В гостиной уже горел свет, но они все еще шли на ощупь, как слепые.
8.
Он встал, и она увидела, что не ошиблась.
Действительно, брюки были коротки и узки ему, и теперь, при свете восходящего солнца, вдруг брызнувшего в окно, вид у него был смешной, мальчишеский.
Встав, он спросил:
— Ты… одна живешь?
— Одна.
— Совсем одна?
Она помолчала, потом спросила:
— А тебе-то что?
— Нет, ничего… Не знаю. — И добавил: — Я подумал: может, муж на войне, на фронте, а жена — с другими.
— Ну и что?
— Не хотел бы я быть ее мужем.
— А спать с ней… хочешь?
— Ну чего там… Сама ведь сказала, что одна…
— Но вчера ведь ты не спрашивал?
Он молчал.
— А сегодня? Когда будил меня спозаранку?
Он зашнуровывал ботинки и сопел, потому что места было мало, ногу поставить некуда, и приходилось завязывать шнурки, чуть ли не в три погибели согнувшись, вот он и сопел.
— Тебе-то что? — снова спросила она.
Он выпустил шнурки, с которыми никак не мог справиться, — они путались друг с другом, обвивались вокруг пальцев, не лезли в сплющенные дырочки ботинок, — и смотрел перед собой на полированную дверцу шкафа, где виднелось его бледное отражение.
— Я хотел… я только хотел сказать… хорошо, что ты одна…
— Хорошо, что я одна!
— И я говорю: хорошо, когда человек один.

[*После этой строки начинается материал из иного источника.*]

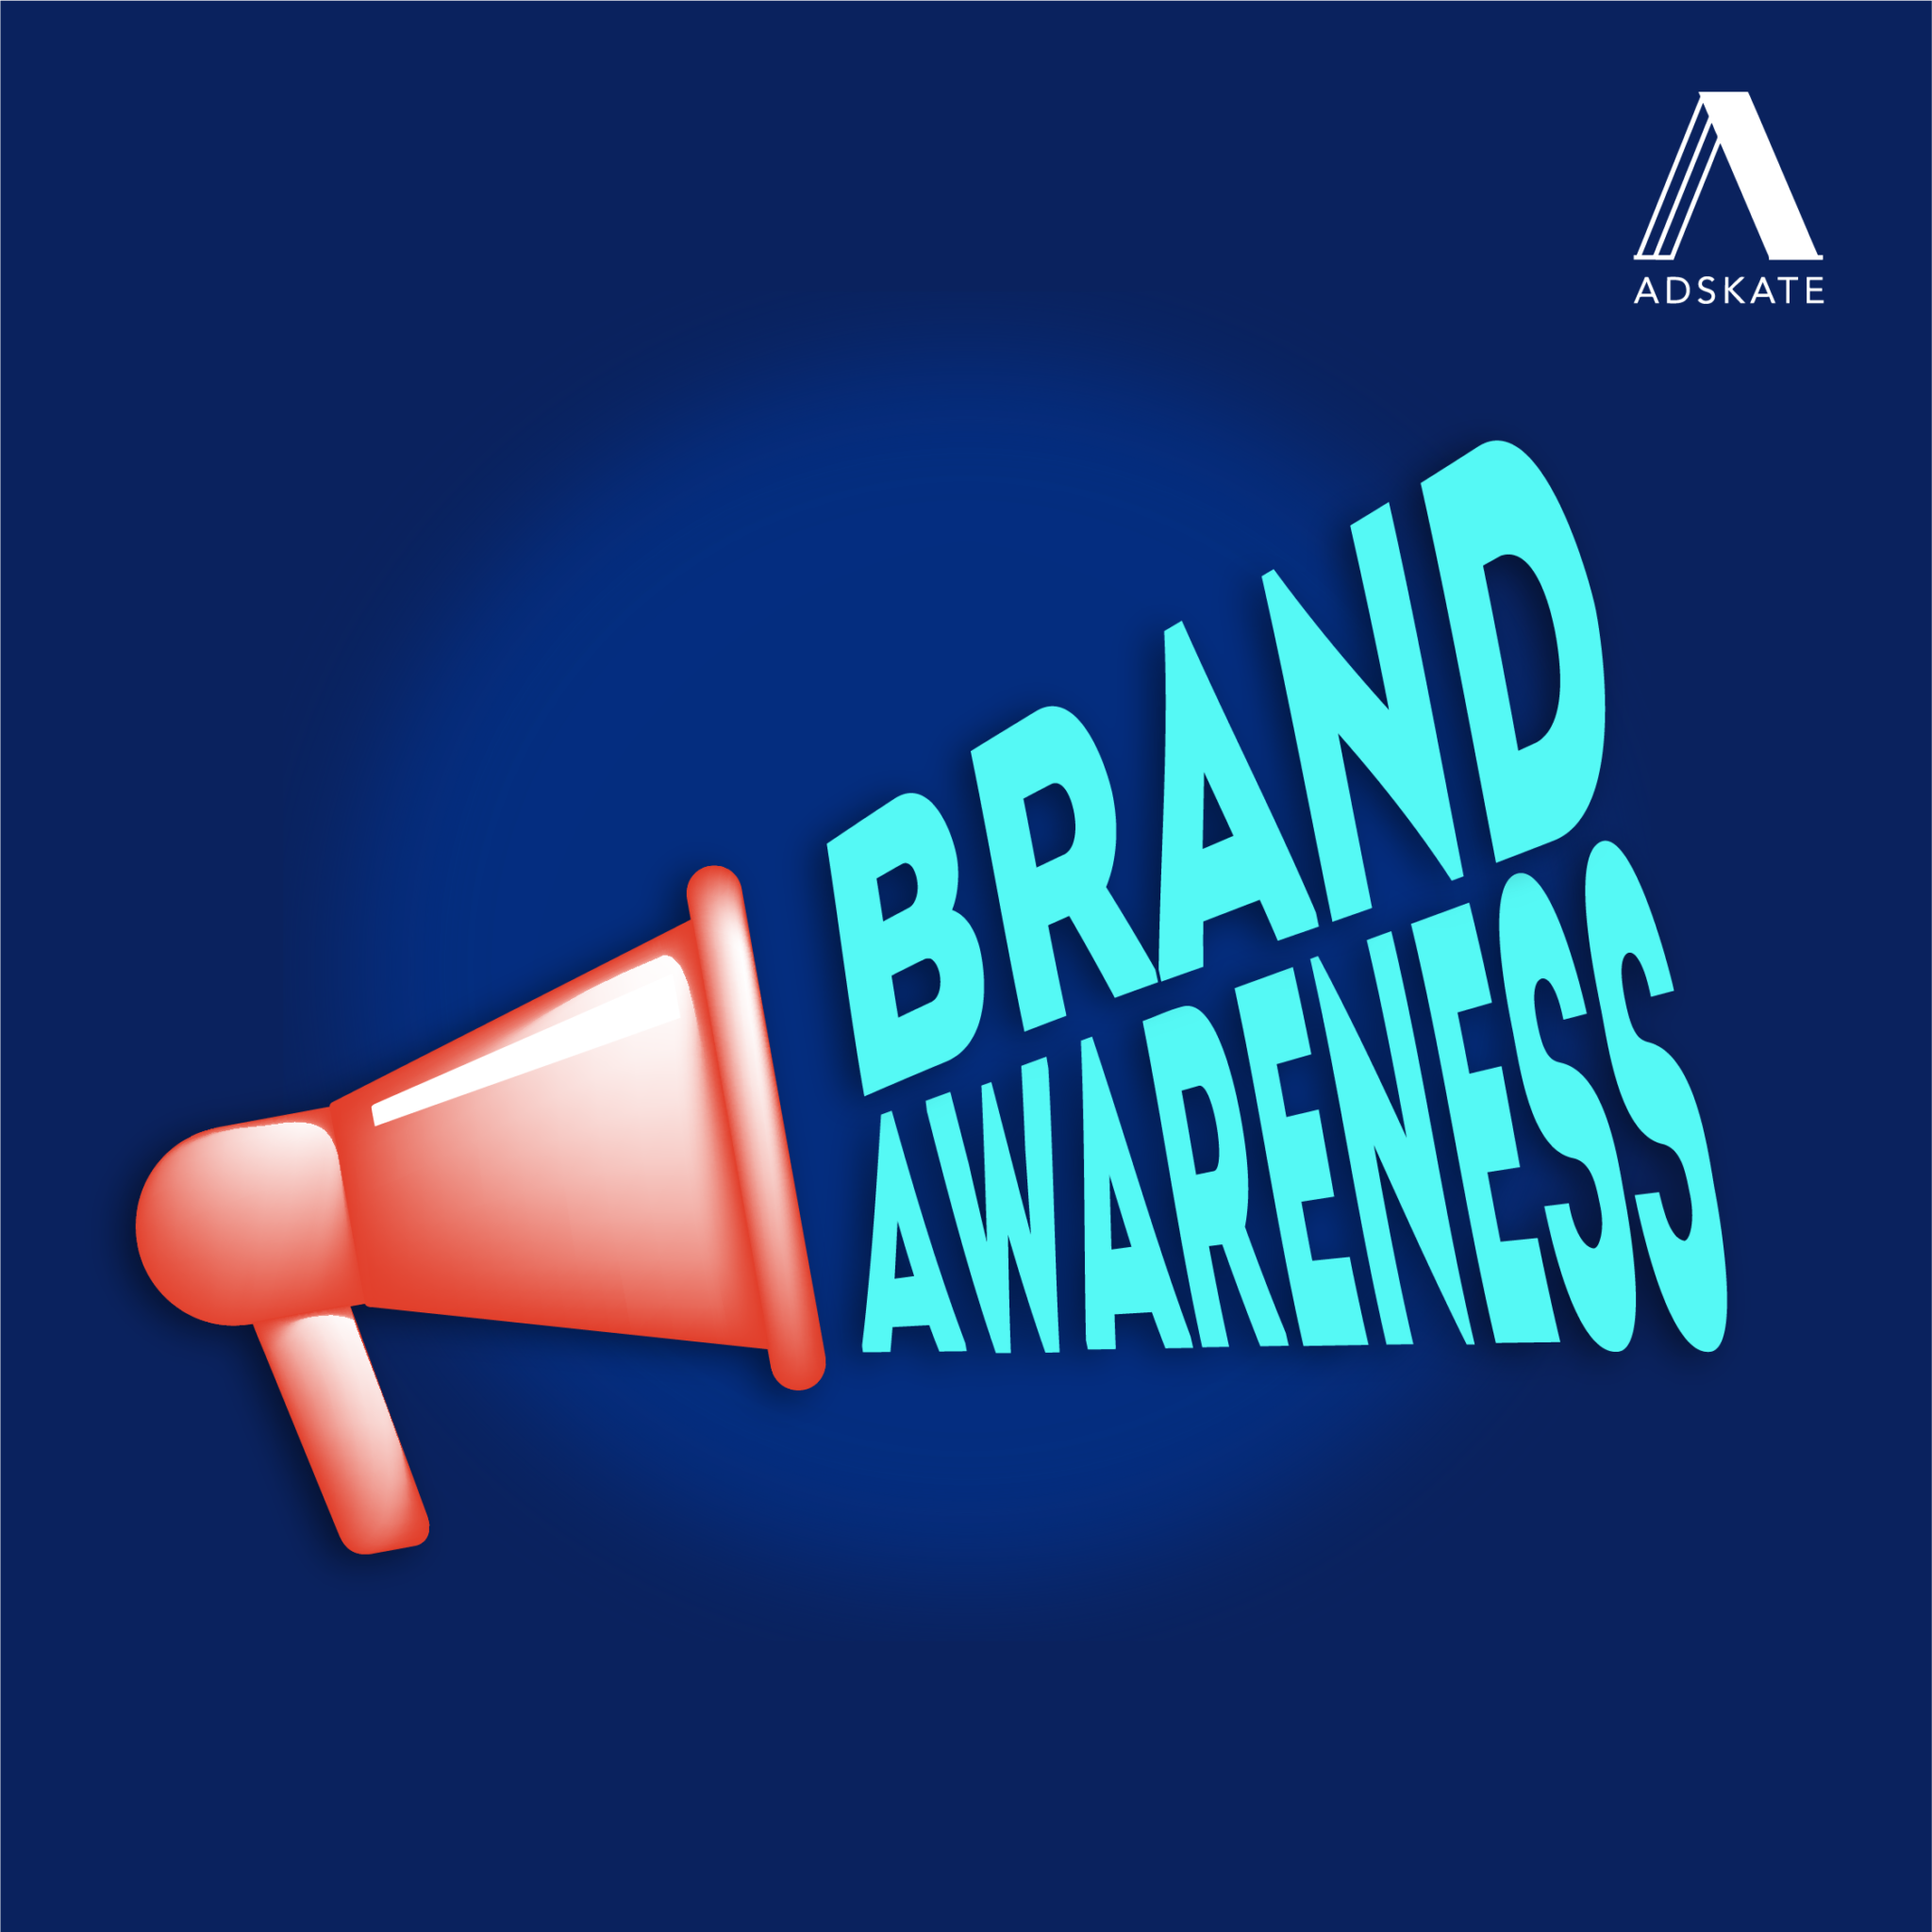 What is brand awareness and how to increase brand awareness?

— А тебе? Плохо? — спросила она.
Он помолчал, глядя на бледную фигуру в шкафу, а потом ответил:
— И мне хорошо.
И повторил:
— Мне тоже хорошо. Разве я не говорил?
— Нет.
Она обрадовалась.
Он нравился ей таким, как есть, солдат.
Ведь мог приплести какую-нибудь историю: про сына или двух сыновей, и что оба, мол, офицеры, а офицер — он первым идет в атаку. И что еще, мол, дочь у него, и, чего доброго, тоже на фронте, потому что служит шофером или санитаркой. И, дескать, мать их тихо сходит с ума, потому что сам он — тоже солдат, хоть и немолодой уже, но солдат.
А он просто ответил:
— Мне тоже хорошо.
Она любила правду, какой бы та ни была.
Она и от Давида всегда хотела правду: правду, правду и только правду, ибо все равно ведь придется однажды изведать ее вкус.
9.
Какой бы ни была она, эта правда, чуешь ее губами, горлом, языком, ноздрями, глазами, пальцами, всем телом…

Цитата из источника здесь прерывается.